About this exercise :: Reproduce the data below exactly as written. Pictures do not belong in the copy.

Extracted material ::
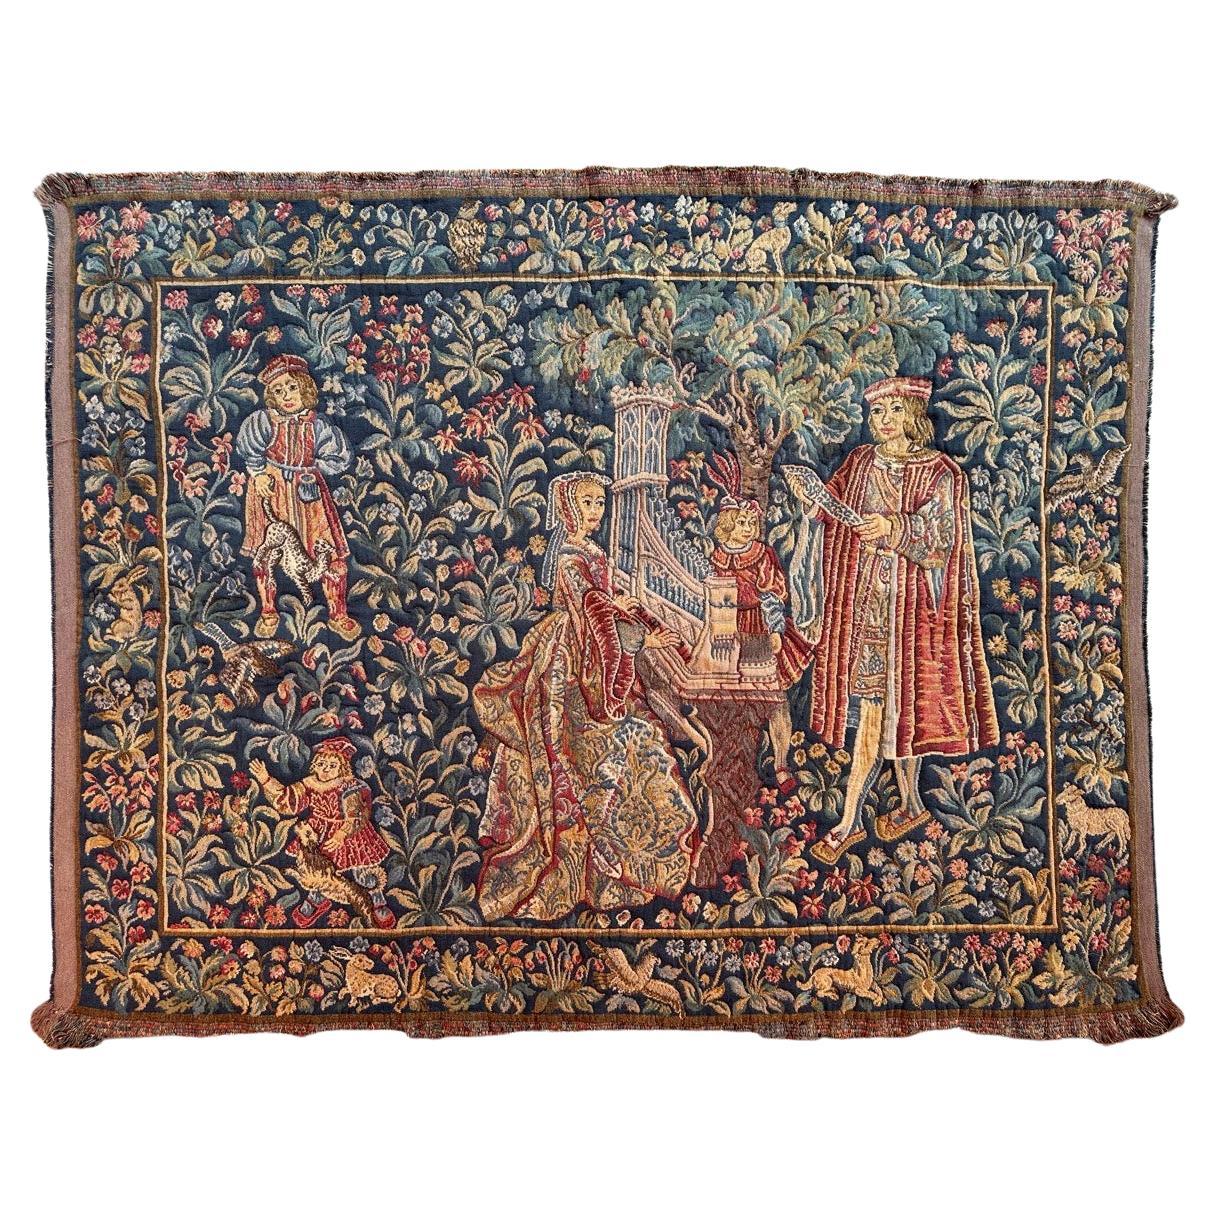 Bobyrug's Nice Vintage Aubusson Style Jaquar Tapestry with Medieval Museum Desig
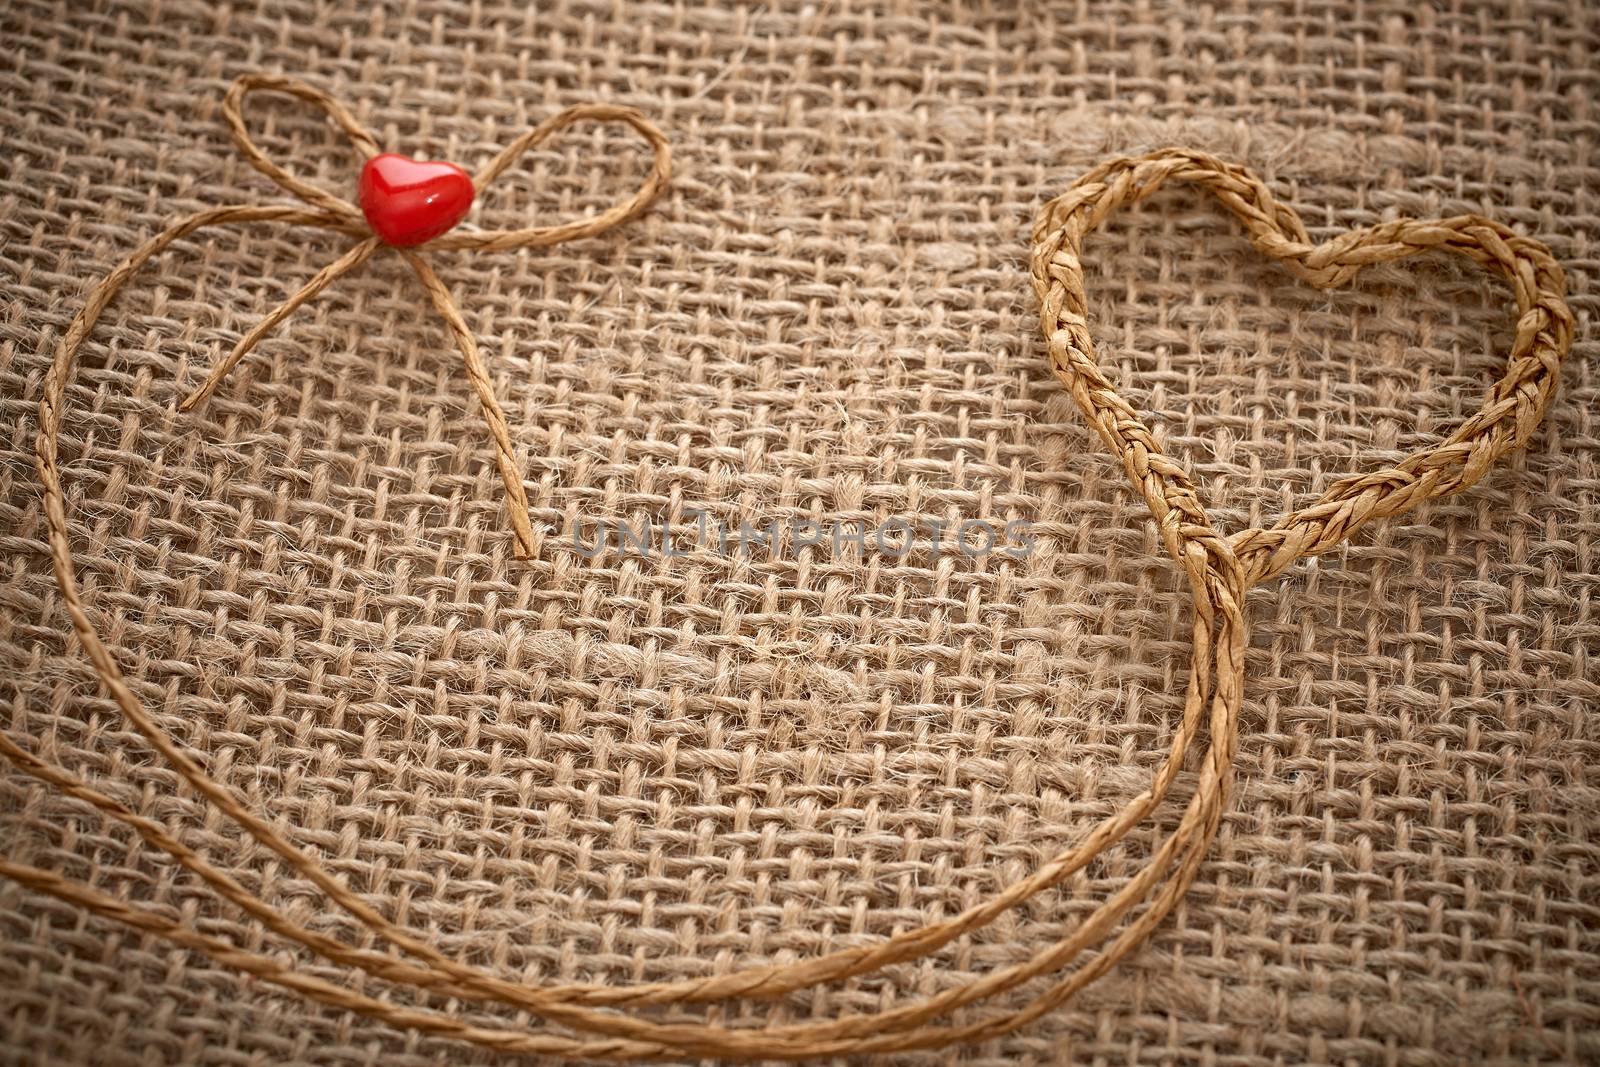 Love hearts, Valentines Day. Heart handmade, made of twine on sackcloth.  Vintage romantic style creative unusual greeting card, copyspace
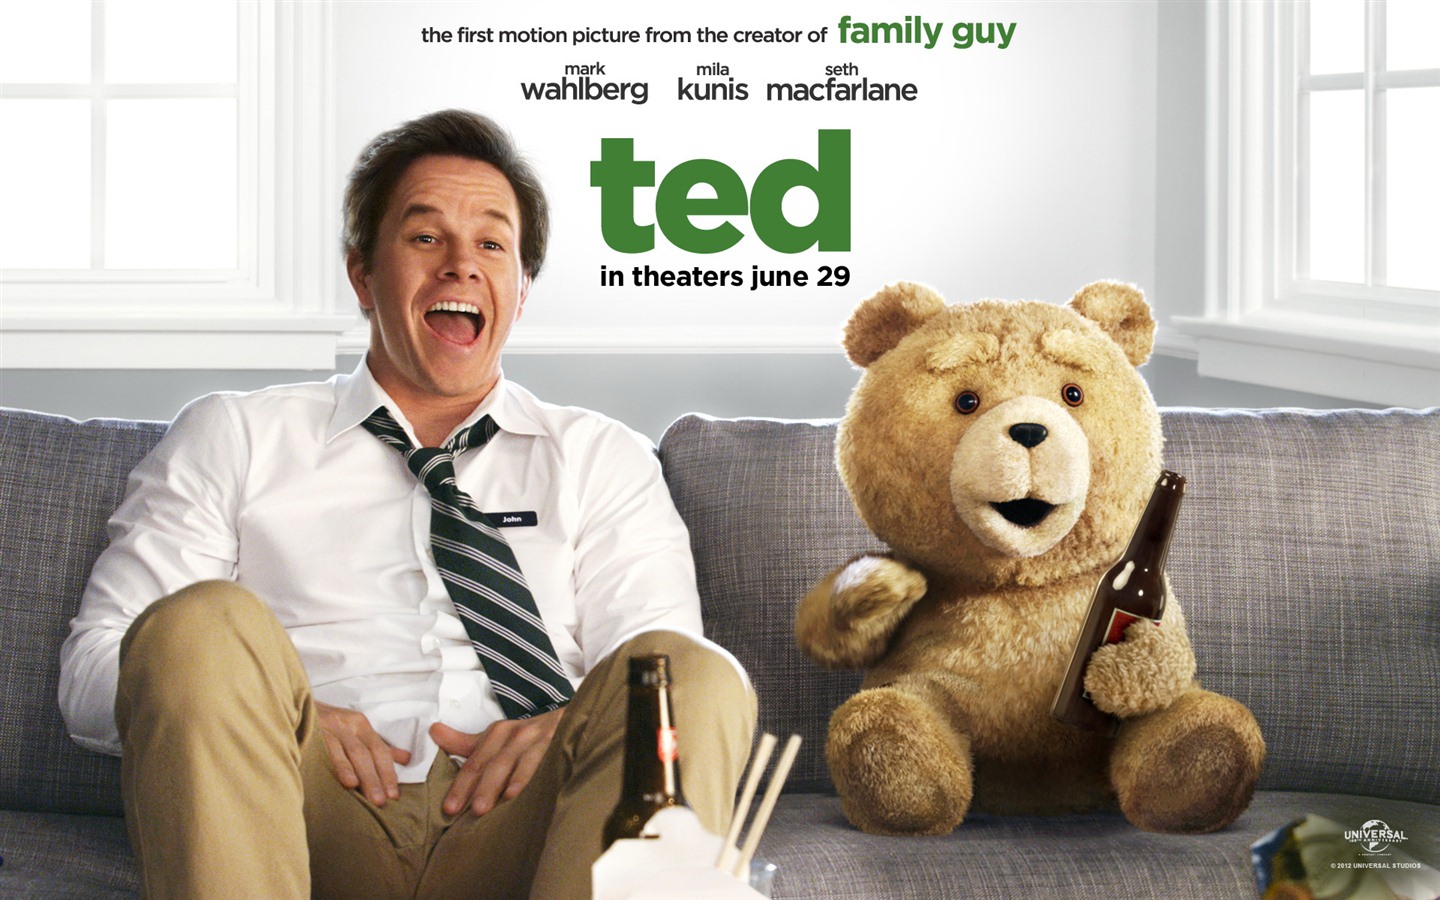 Ted 2012 HD movie wallpapers #1 - 1440x900
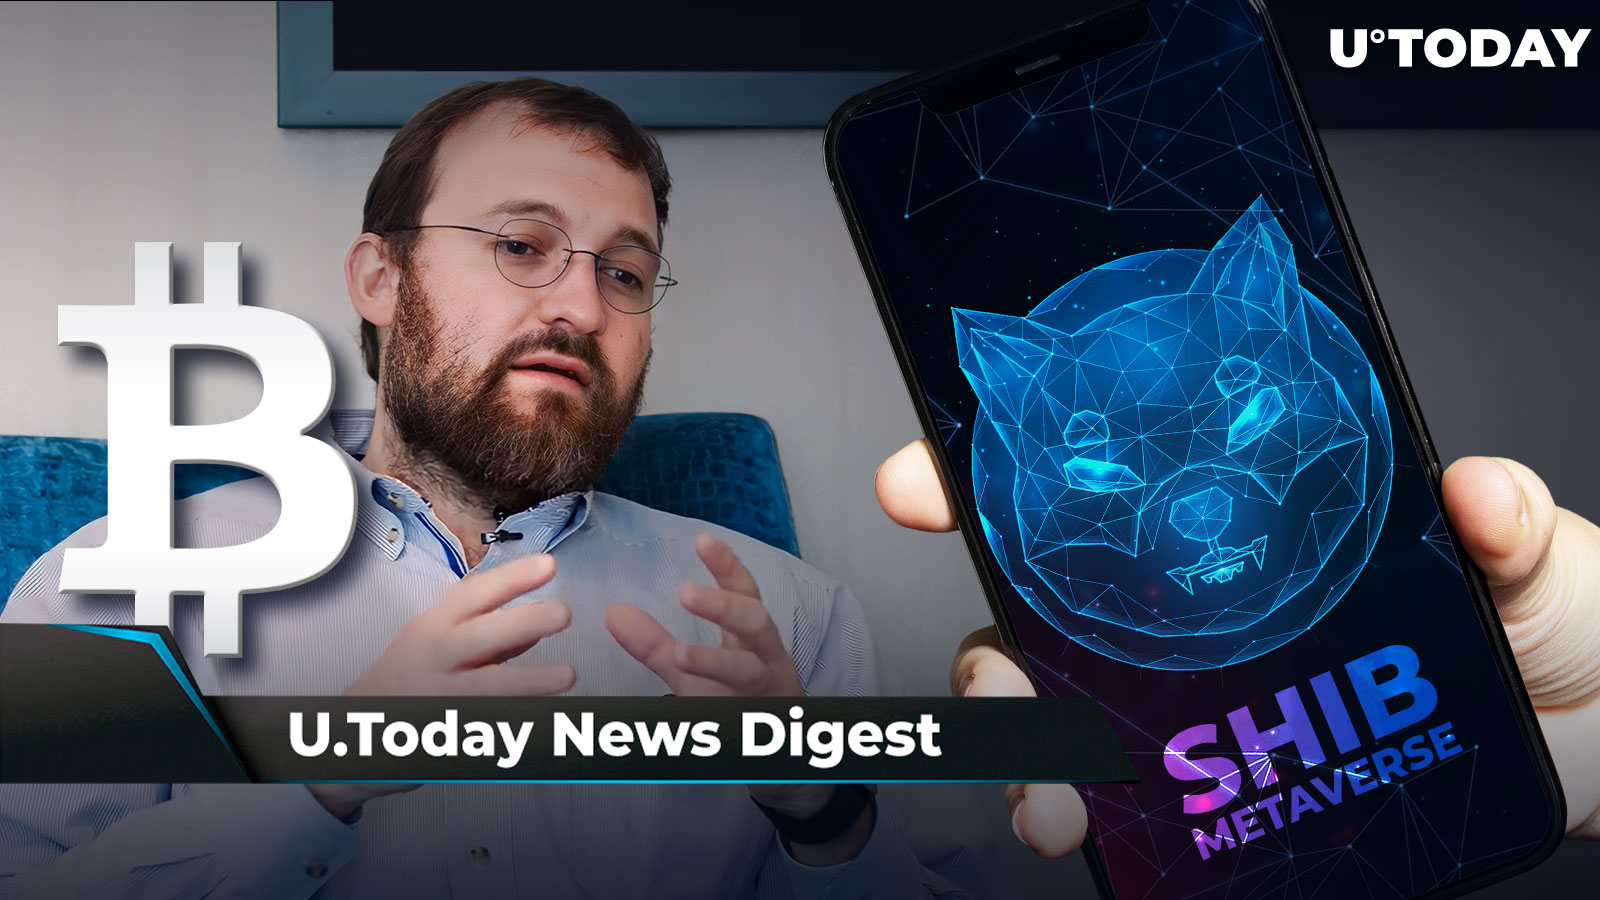 Cardano Founder Makes Staggering Prediction about BTC, XRP May Make Everyone Cry, SHIB Metaverse Team Reveals Crucial Update: Crypto News Digest by U.Today
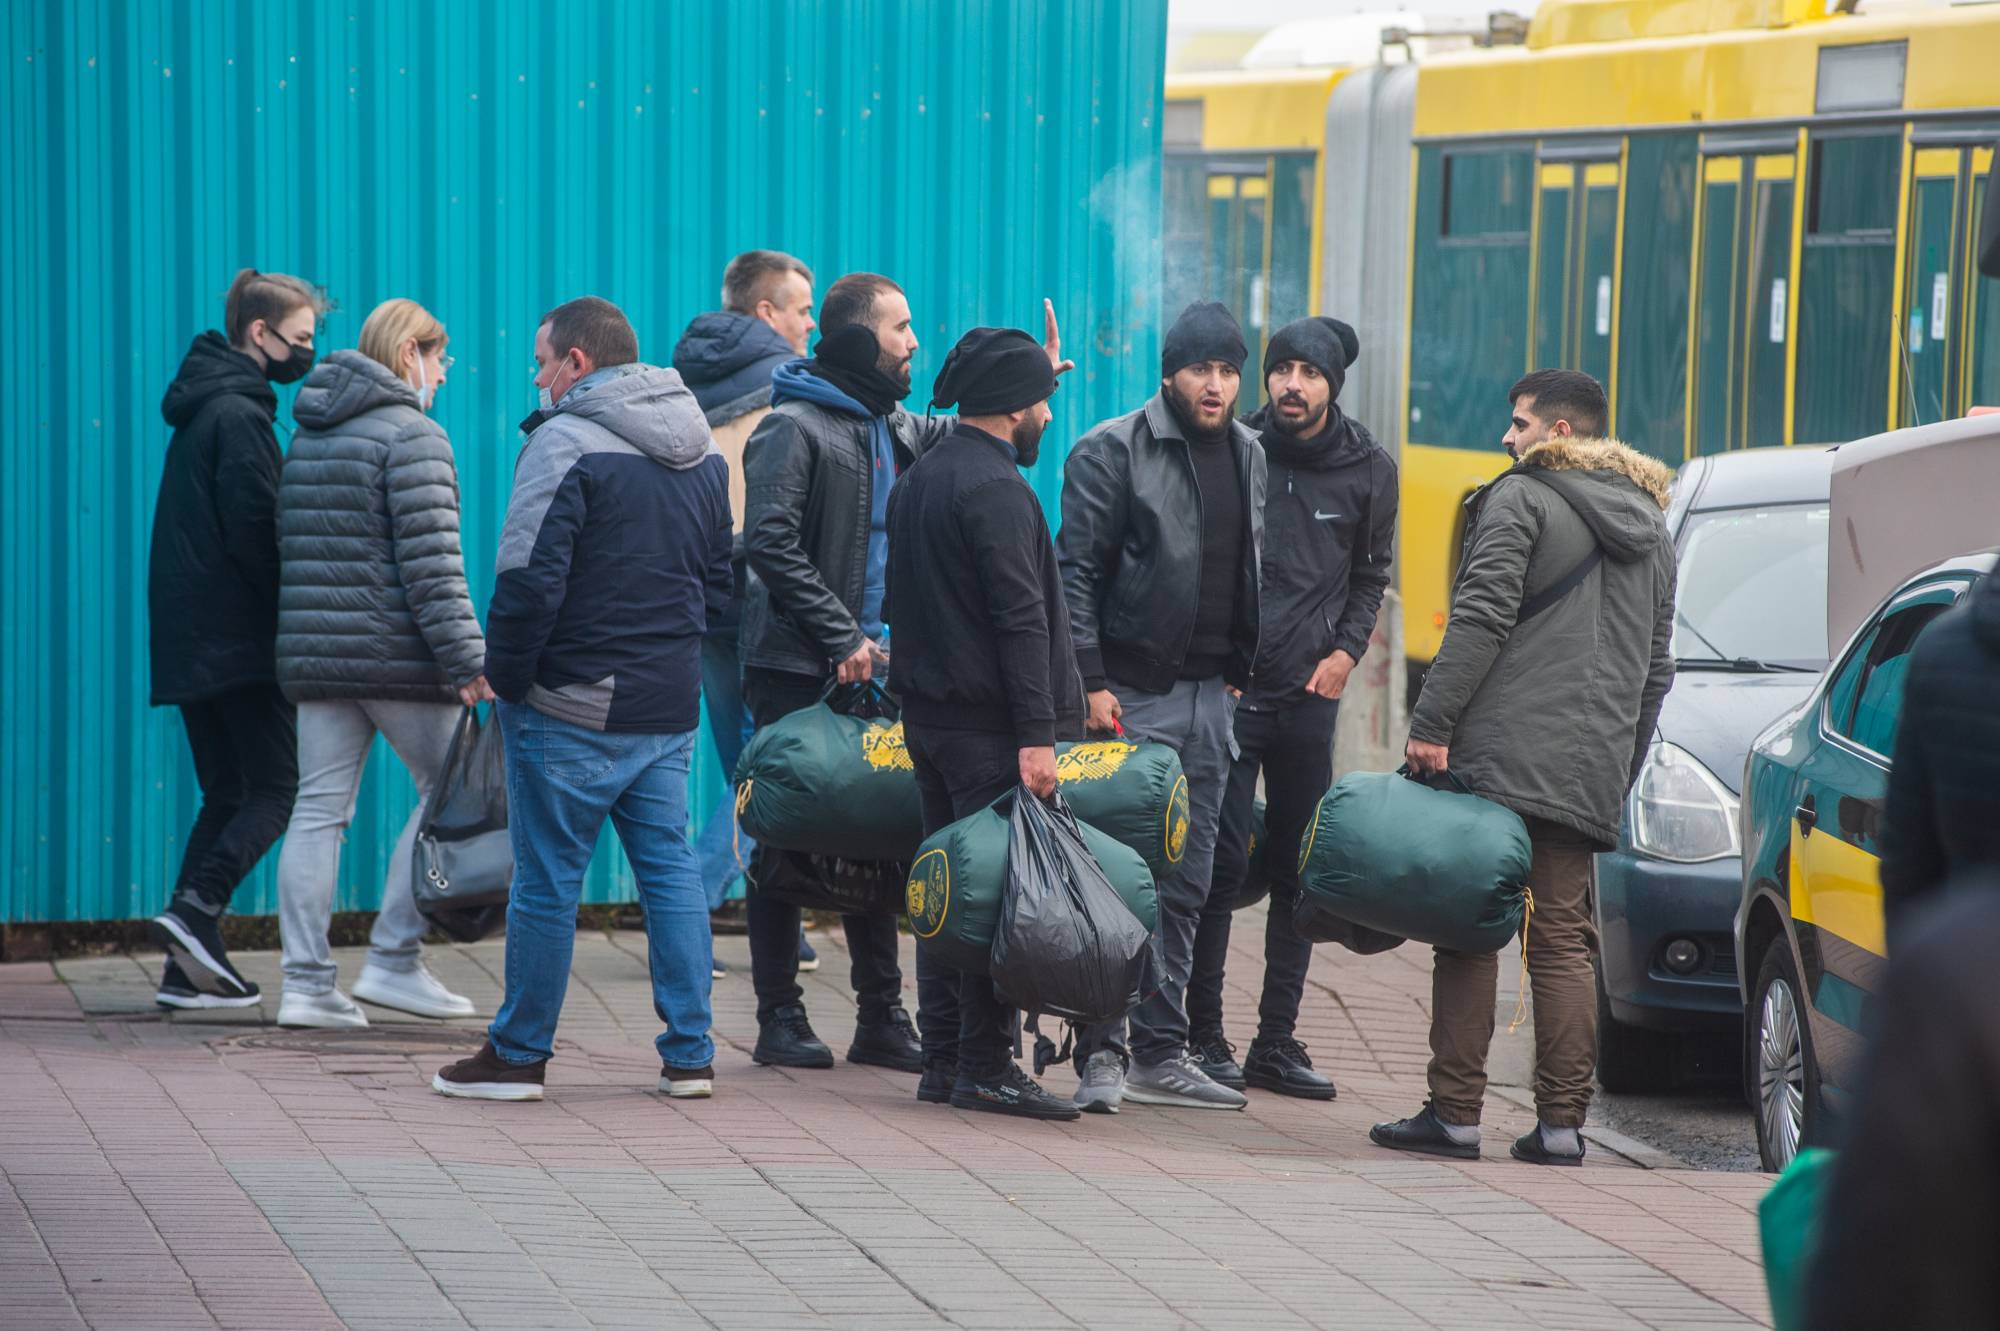 Migrants congregate at a market in Minsk on Saturday. Iraqi Kurds and other migrants said they were fleeing despair at home, but Belarus encouraged them to come, offering visas and helping them get to the border with other European countries.  | THE NEW YORK TIMES

Response ::
 Bobyrug's Nice Vintage Aubusson Style Jaquar Tapestry with Medieval Museum Desig
 Love hearts, Valentines Day. Heart handmade, made of twine on sackcloth.  Vintage romantic style creative unusual greeting card, copyspace
 Ted 2012 HD movie wallpapers #1 - 1440x900
 Cardano Founder Makes Staggering Prediction about BTC, XRP May Make Everyone Cry, SHIB Metaverse Team Reveals Crucial Update: Crypto News Digest by U.Today
 Migrants congregate at a market in Minsk on Saturday. Iraqi Kurds and other migrants said they were fleeing despair at home, but Belarus encouraged them to come, offering visas and helping them get to the border with other European countries.  | THE NEW YORK TIMES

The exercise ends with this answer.